Religious profession of some kind was one of the common comforts of life; and Mrs. Joy Anderson was proud to marshal "for meetin'" each Sabbath a troop as numerous and well-behaved as the family party of Charity Carver or Hope Smith. William's mother was of a Puritan family, and vied with her female neighbors, whose names indicated the same proud descent, in having every able member of her household a regular attendant upon divine service.
From the country within a radius of five miles of the plain, old-fashioned, stone meeting house, came, for gossip as much as genuine worship, all the settlers—rich and poor, farmers, graziers, woodsmen and the few traffickers who were able to make their Yankee shrewdness a means of maintenance.
One of the principal men of the region comprised in the scattered village of New Vineyard, was Hugh Stewart, farmer and whilom speculator in lands and timber.
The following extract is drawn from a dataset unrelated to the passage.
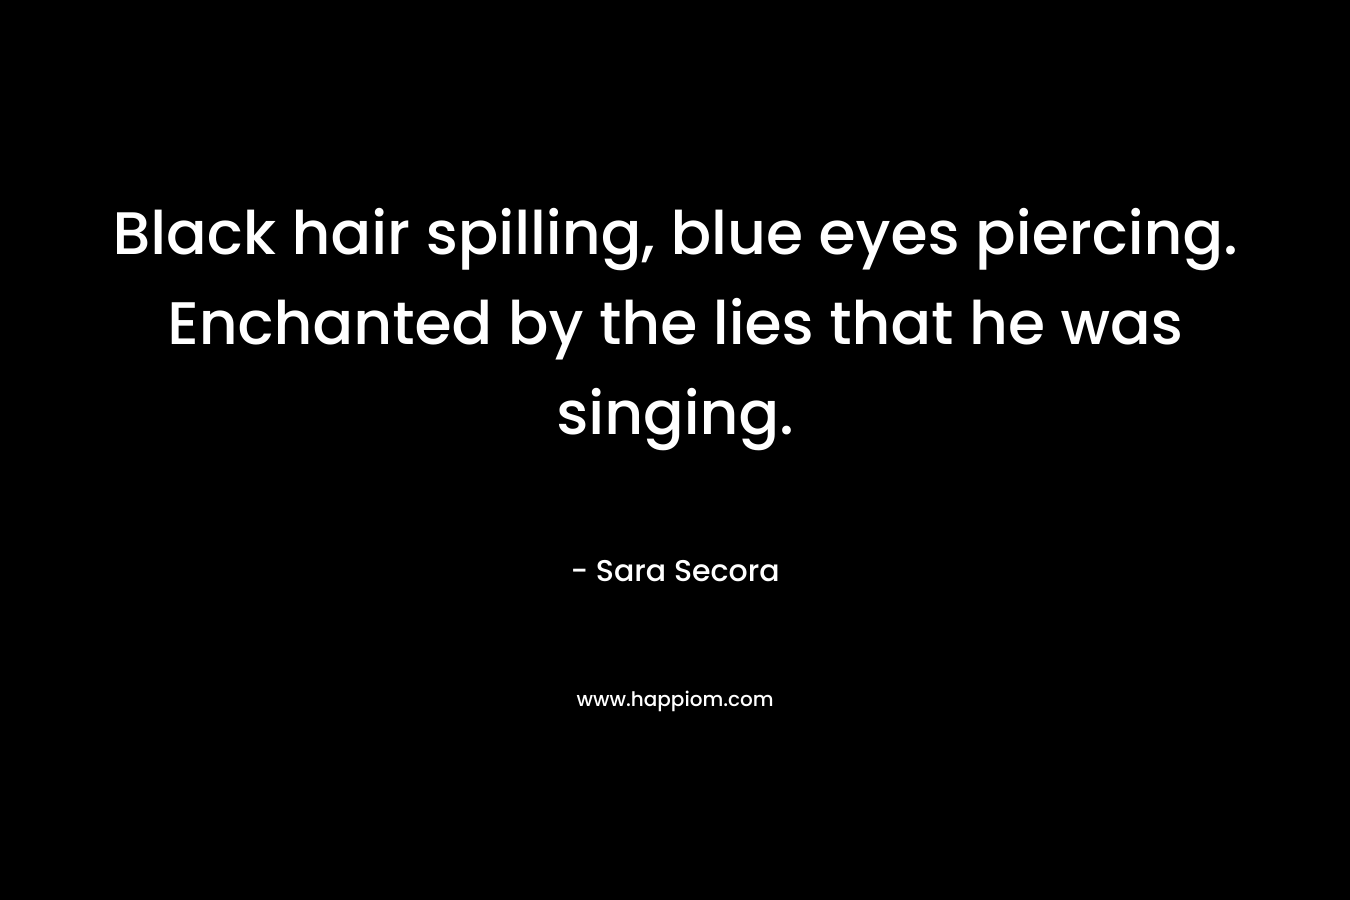 Black hair spilling, blue eyes piercing. Enchanted by the lies that he was singing. – Sara Secora

His family was wont to journey from his residence to the church—a distance of two miles in a carryall.
This vehicle was the object of much reverence; and Hugh managed by frequent applications of varnish to keep it in that state of glossiness which constituted its chief awe in New Vineyard eyes. Regularly, rain or shine, its appearance at the last turn of the sandy road leading to the meeting-house was announced by some watchful youngster and the waiting worshipers, who usually assembled an hour in advance of sermon time, rushed to the porch to watch the family of the Stewarts dismount from their carriage. Though this practice was continued for a term of years, it never failed to awaken interest. I doubt if the London Lord Mayor's gilded chariot ever aroused more real excitement among his satiated townsmen than was evinced at each appearance of this ancient vehicle at the meeting-house steps.
The occupants of the carryall were invariably checked off upon a score of fingers: "There's Hugh and Martha, and there's Dan'l and Marchant and Em'line and Car'line."
If one of these usual attendants happened for any reason to be absent, there were comments and surmises without number until some active investigator could ascertain the cause; and once learned, the news was whispered about from lips quivering with eagerness to tell unto ears twitching with anxiety to hear.
One of the most intensely interested of the watches was Mrs. Joy Anderson, who felt all that her religion would permit her to entertain of envy for the almost regal state in which the Stewarts were brought to church.
More than one scathing rebuke fell from her very capable tongue upon the well-calloused understanding of William, the senior Anderson. Her stock complaint is worthy of preservation as showing how little the style of marital reproach has varied within three-quarters of a century.
"I don't care for myself, and you know I don't; I don't say a grumbling word at you for not taking me to New York when Mrs. Stewart went with her husband though you know well enough you were quite as able to pay my way as he was to take his wife; and everybody knows that if anyone deserves a rest I do; but no, I never can go to visit my cousin Faith Brewster that I think the world of, though I've never seen her and only heard from her twice in my life, and she may have been dead these ten years for all I know or you care, and even then it would only be my duty to visit her grave and I could carry along a little box of mignonette, in case of, to plant on her last resting place—no I never say one word about these things, and I always spare your feelings instead of telling you how often Mrs. Stewart looks at me as if she had a kind of contemptuous pity for my suffering; but what I feel so awfully hurt about are the airs that the Stewart children put on when they get out of the carriage on Sunday at the meeting-house door; and we've got more than half the distance to travel and you could well afford something of the kind, and then we could get to the meeting-house even if some of us were sick, and because we've had not a day's sickness in the house in fifteen years is no sign we won't have, but all the more sign that it must come sooner or later—"
Though this some what inconsistent speech was received with no apparent emotion by the substantial husband and father whom it was intended to pierce with its sharp sarcasm; it always created a little excitement among the children.